# Supplied information
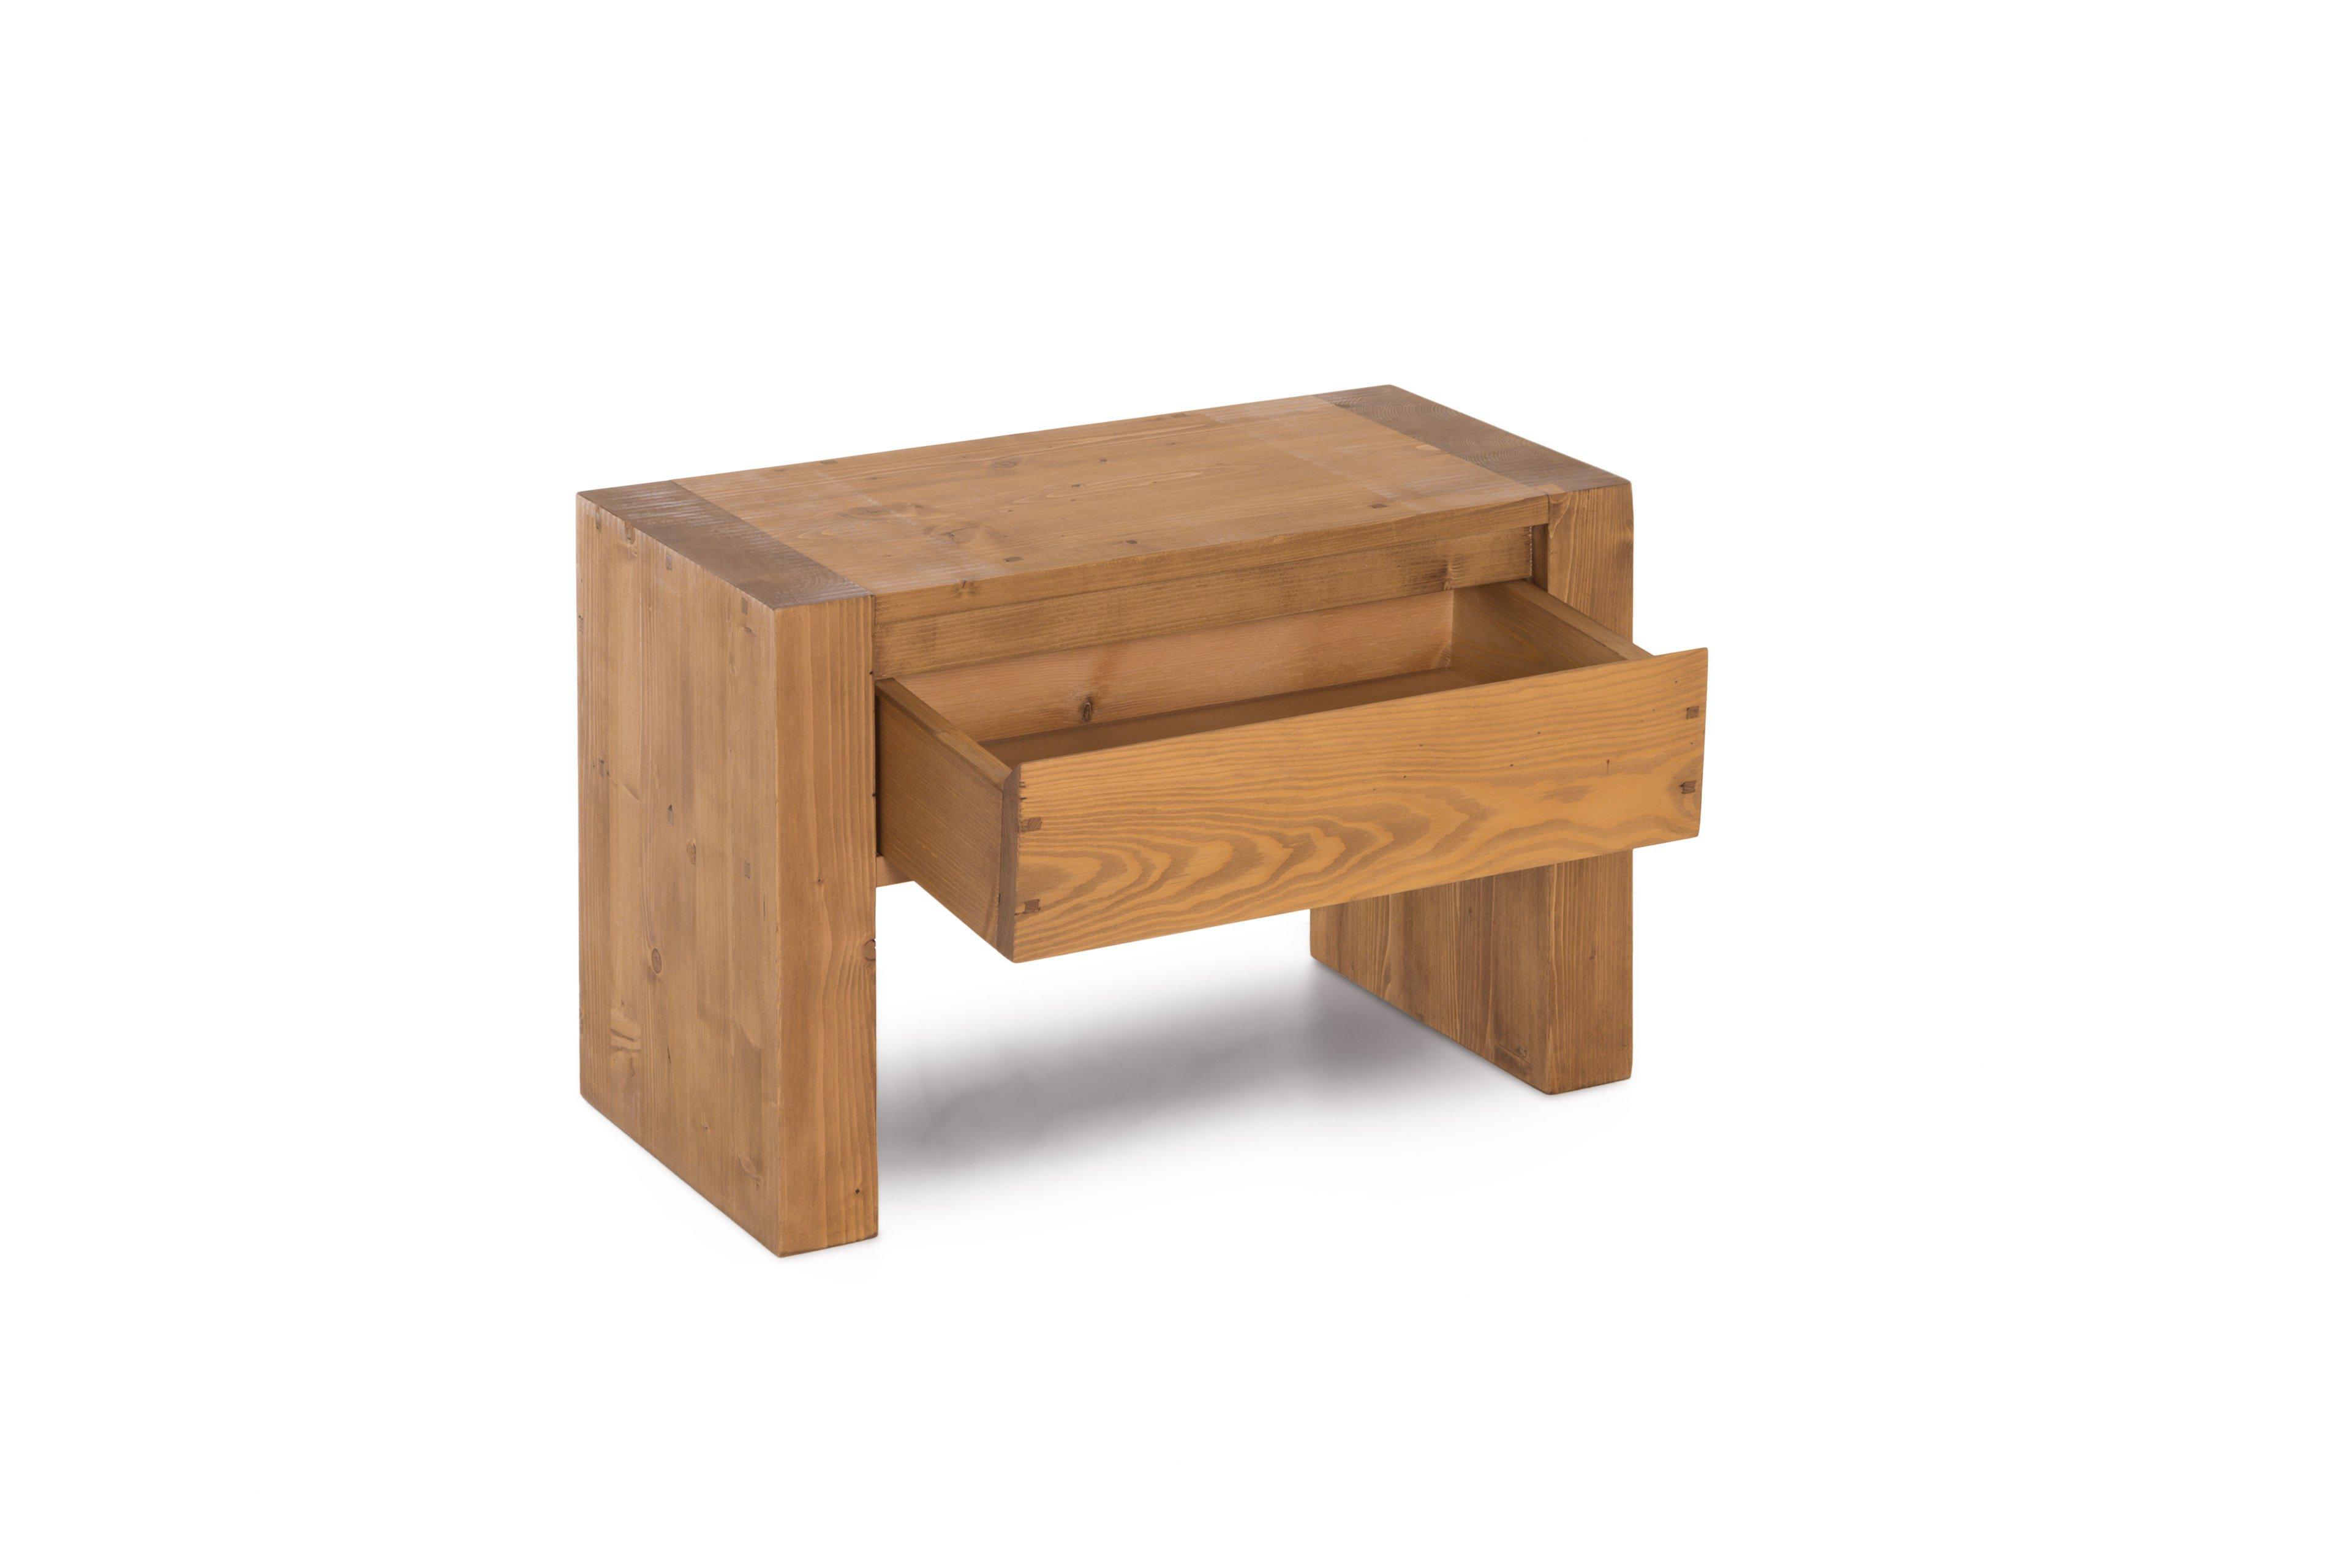 armina kollektion letz holz bett 180x200 m bel letz. Black Bedroom Furniture Sets. Home Design Ideas
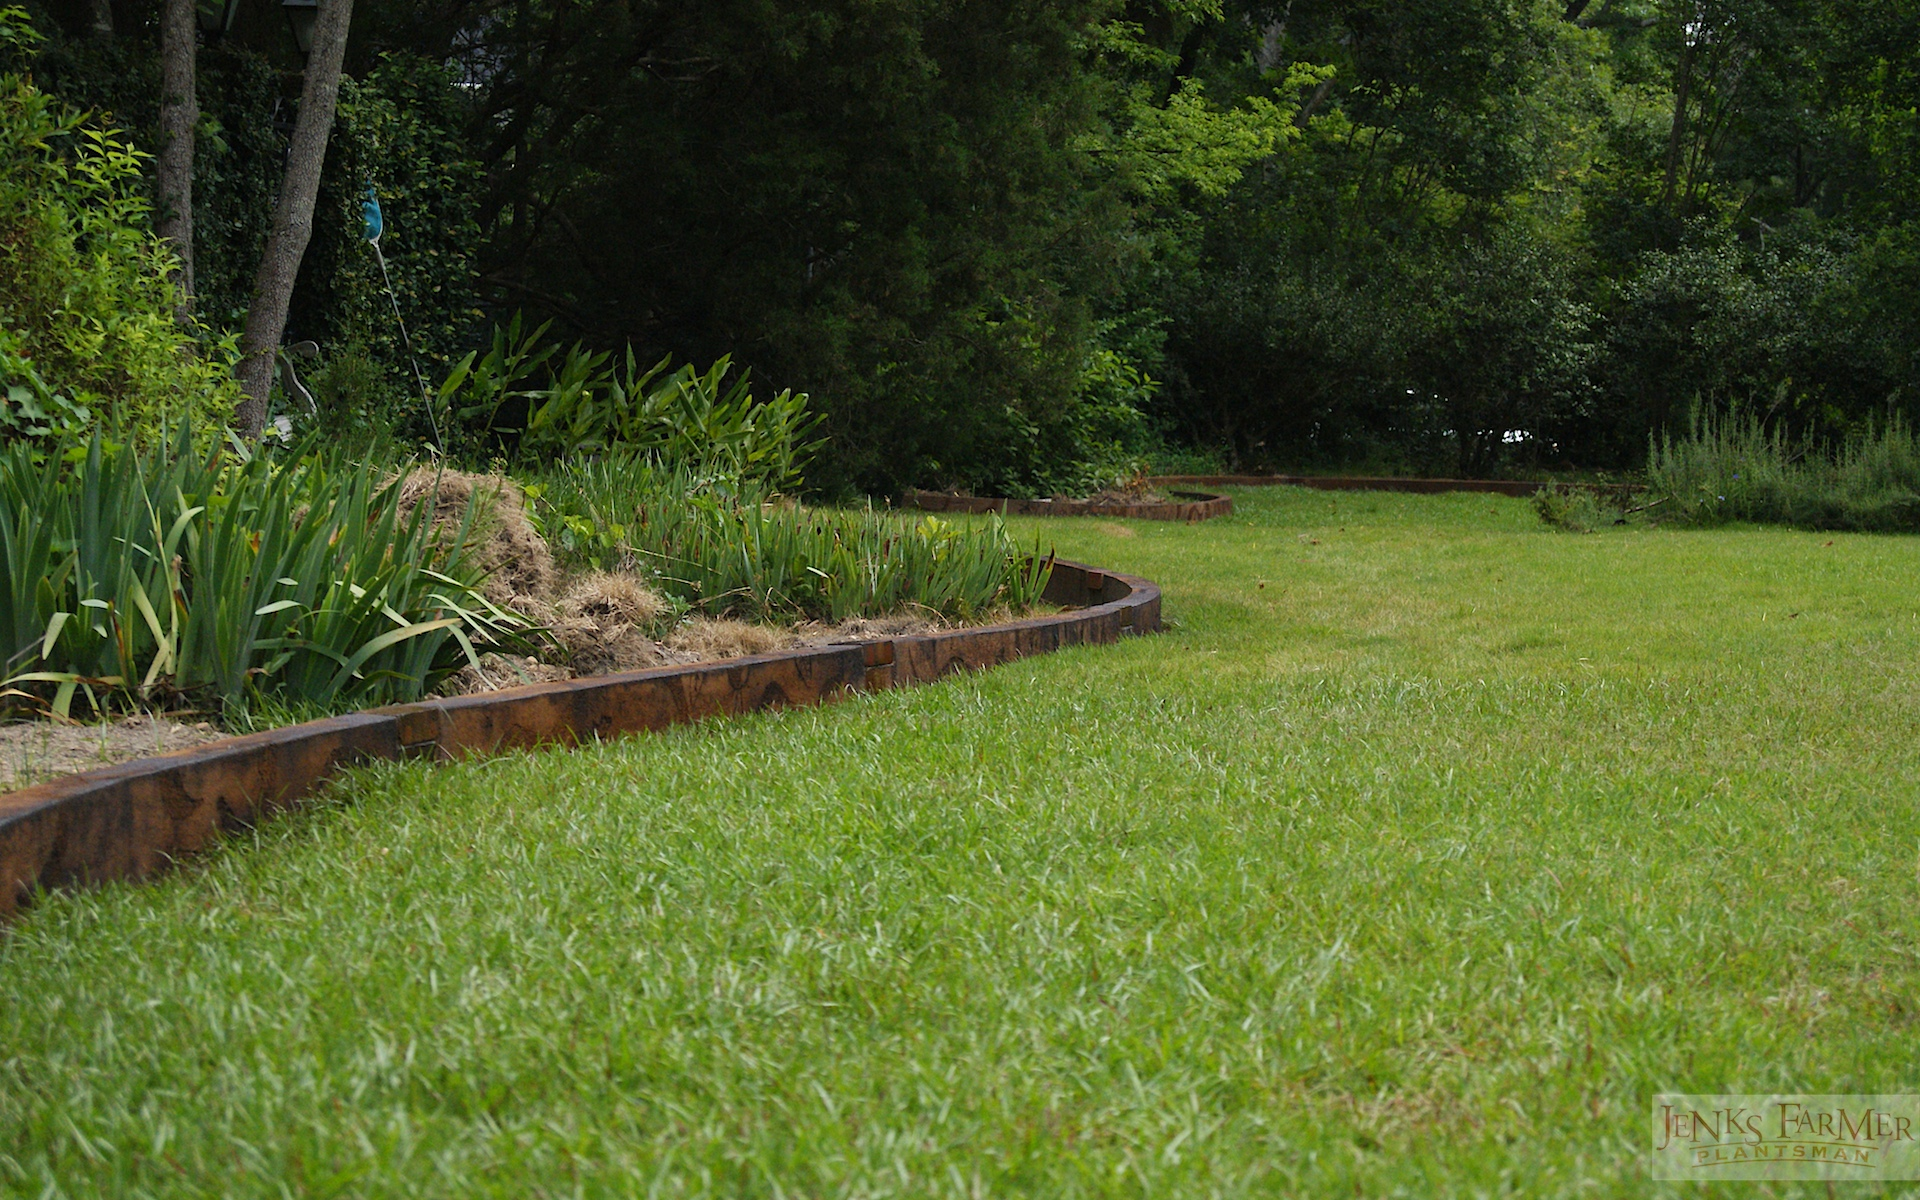 Suburban Backyard Farming : Suburban Gardens We?ve Designed (click to enlarge pics)  Jenks
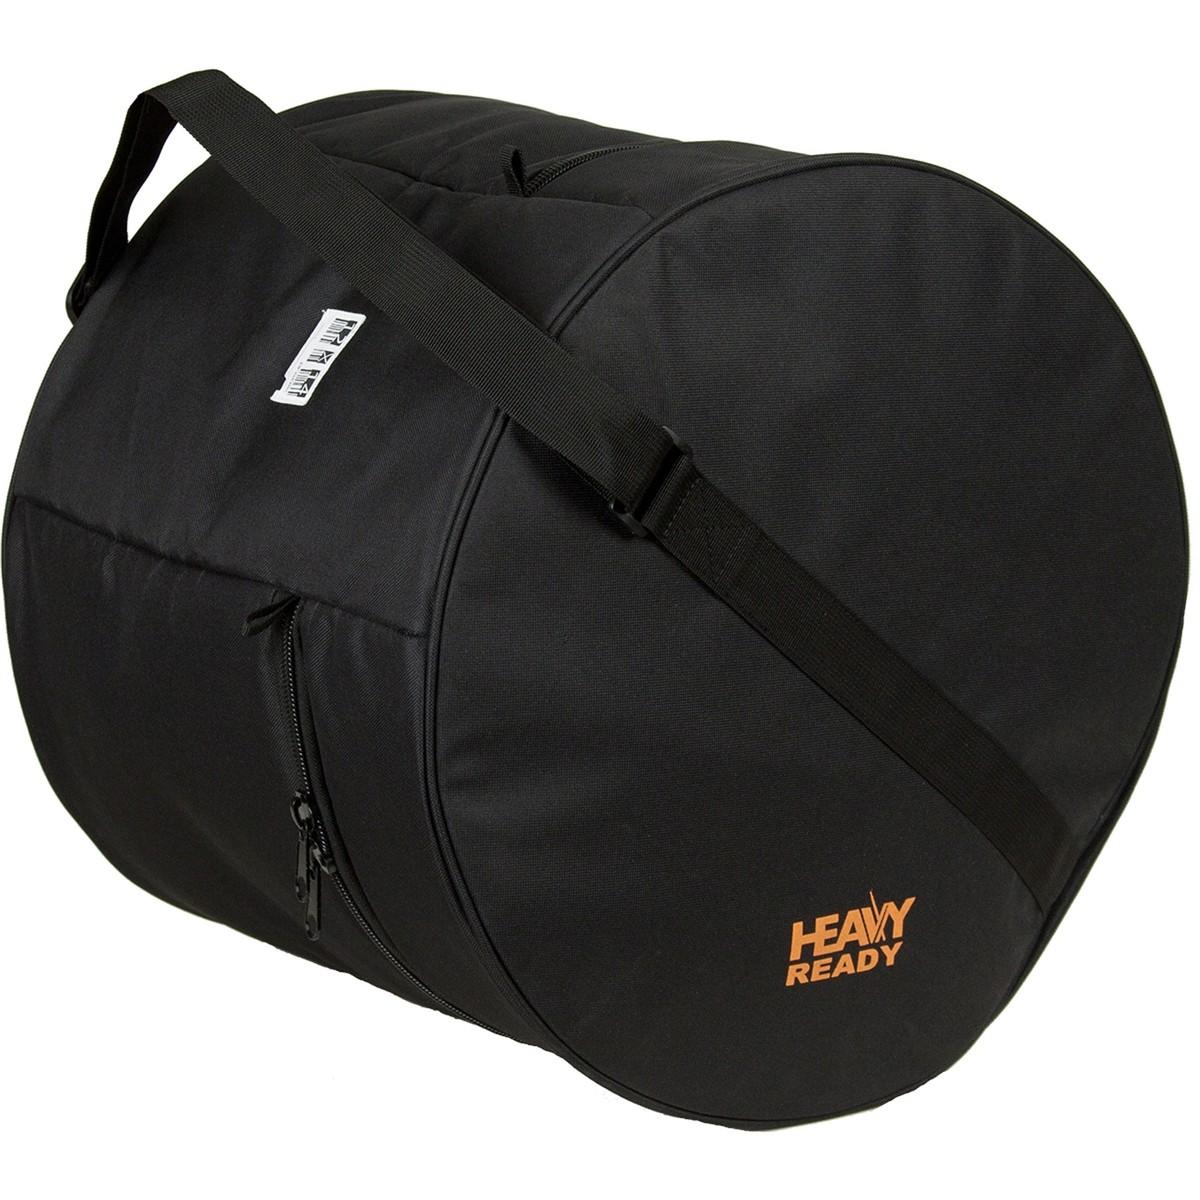 Protec Heavy Ready Series Padded Tom Bag 12″ X 14″ (HR1214)

# What the task requires
This task asks for the data above repeated exactly, without a single picture.

# Response to this exercise
 armina kollektion letz holz bett 180x200 m bel letz. Black Bedroom Furniture Sets. Home Design Ideas
 Suburban Backyard Farming : Suburban Gardens We?ve Designed (click to enlarge pics)  Jenks
 Protec Heavy Ready Series Padded Tom Bag 12″ X 14″ (HR1214)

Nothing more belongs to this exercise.